Uzbek singer and songwriter (1947–2023)

Sherali Joʻrayev (Sherali Joʻrayev / Шерали Жўраев, Шерали Джураев; c. 12 April 1947 – 4 September 2023) was an Uzbek singer, songwriter, poet, author, and actor. He was an influential figure in Uzbek cultural life for nearly five decades. Much of his most celebrated work dates from the 1980s and 1990s.

His most famous songs include "Birinchi muhabbatim", "Inson qasidasi", "Karvon", "Oshiqlar sardori", and "Oʻzbegim", which are regularly played at public events and weddings in Uzbekistan and neighboring Central Asian countries. Joʻrayev's lyrics incorporated a variety of political, social, philosophical, and literary influences. Some of his lyrics have become part of everyday Uzbek vocabulary. While Joʻrayev usually wrote both the music and lyrics to his songs, he also used lines from the poems of Ali-Shir Nava'i, Babur, Jami, Rumi, Abdulla Oripov, and Erkin Vohidov in his songs.

Joʻrayev wrote the screenplay and played the leading role in the 1989 film Sherali va Oybarchin. He also penned two books, Bola dunyoni tebratar (1988) and Bir qoʻshiq kuylayki... (2023). He was a member of the Supreme Assembly of Uzbekistan from 1990 to 1995.

Joʻrayev was awarded dozens of awards and nominations, including the title People's Artist of the Uzbek SSR in 1987. In 1991, he received the Alisher Navoiy State Prize. He was also awarded the orders of Fidokorona xizmatlari uchun (2018) and El-Yurt Hurmati (2022). In 2018, he became a People's Artist of neighboring Tajikistan, an extremely rare feat for a performer who is not a citizen of Tajikistan.

Starting from 2002, Uzbek government authorities banned Joʻrayev's appearance on Uzbek television and radio. He fell out of favor with the government for his critical remarks about the difficult economic situation in the country. Following the death of President Islam Karimov in 2017, the unofficial ban on Joʻrayev was lifted and in subsequent years he was regularly featured on state television.

== Early life and education ==
Sherali Joʻrayev was born in 1947 in Asaka, then the Uzbek SSR, USSR. His birth name was Shermat Joʻrayev but at some point in the late 1980s he officially changed his first name to Sherali. The exact date of his birth is unknown. The singer symbolically chose April 12 as his birthday because on that day he entered the Kaaba, a rare honor granted to only a few in the Soviet period. This took place in the 1990s during a visit to Mecca as part of a delegation from Uzbekistan alongside the First President, Islam Karimov. Joʻrayev graduated from the Uzbekistan State Institute of Arts and Culture in 1976.

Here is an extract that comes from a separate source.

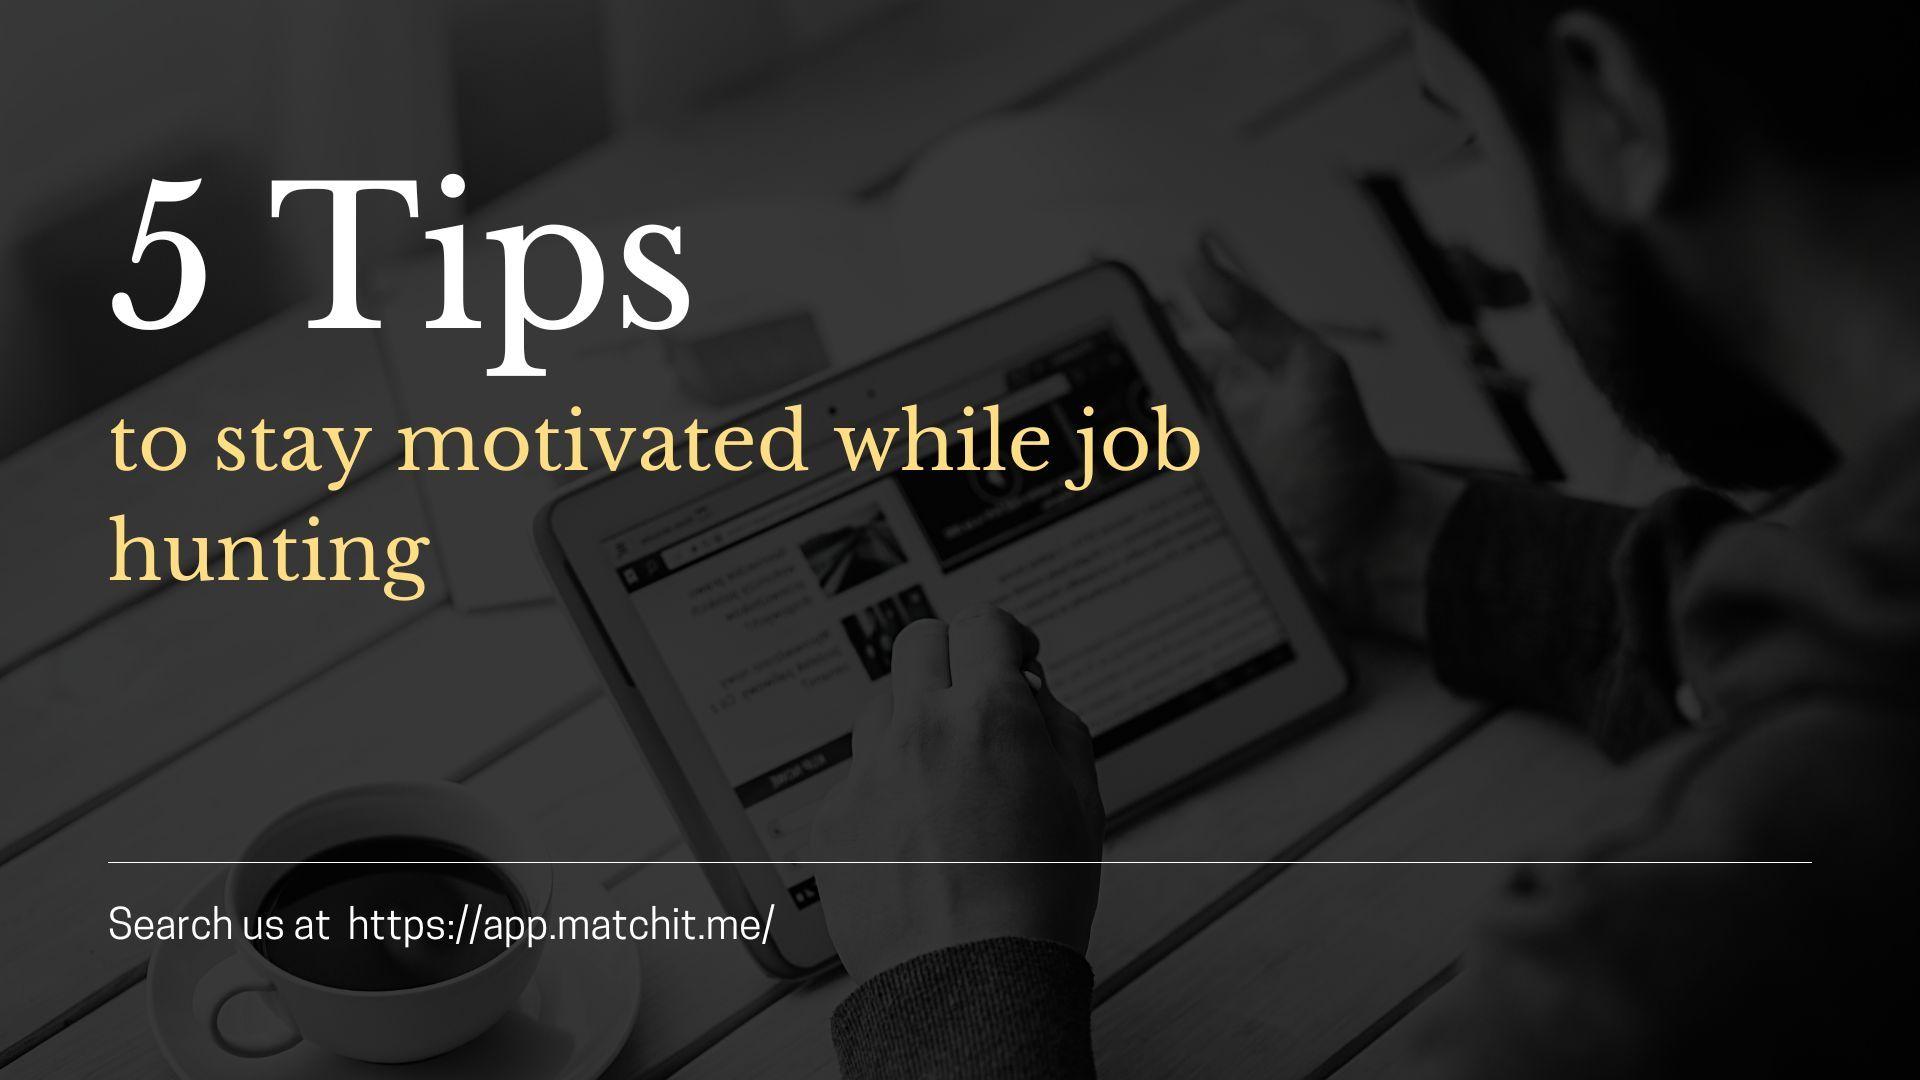 How to stay motivated while looking for a job?

From 1972 until 1979, Joʻrayev worked at the Shodlik Song and Dance Ensemble. From 1979 to 1986, he worked at the Andijan Province Philharmonic. From 1986 to 1996, he worked at the Uzbek State Philharmonic.

== Music career ==
Throughout his long career, Joʻrayev wrote and recorded close to 600 songs. Joʻrayev was interested in and influenced by classic Turkic and Persian poetry. In 2008, he organized gatherings at his home to celebrate the works of Rumi.

His most famous songs include "Bahor ayyomi" (lyrics taken from a Babur poem), "Birinchi muhabbatim" (lyrics taken from an Abdulla Oripov poem), "Inson qasidasi" (lyrics taken from an Erkin Vohidov poem), "Karvon" (lyrics taken from an Usmon Azim poem), "Meni kutgil" (lyrics taken from a Konstantin Simonov poem), "Oshiqlar sardori" (lyrics taken from a Rasul Gamzatov poem), "Oʻzbegim" (lyrics taken from an Erkin Vohidov poem), "Oʻxshamas" (lyrics taken from an Ali-Shir Nava'i poem), and many others.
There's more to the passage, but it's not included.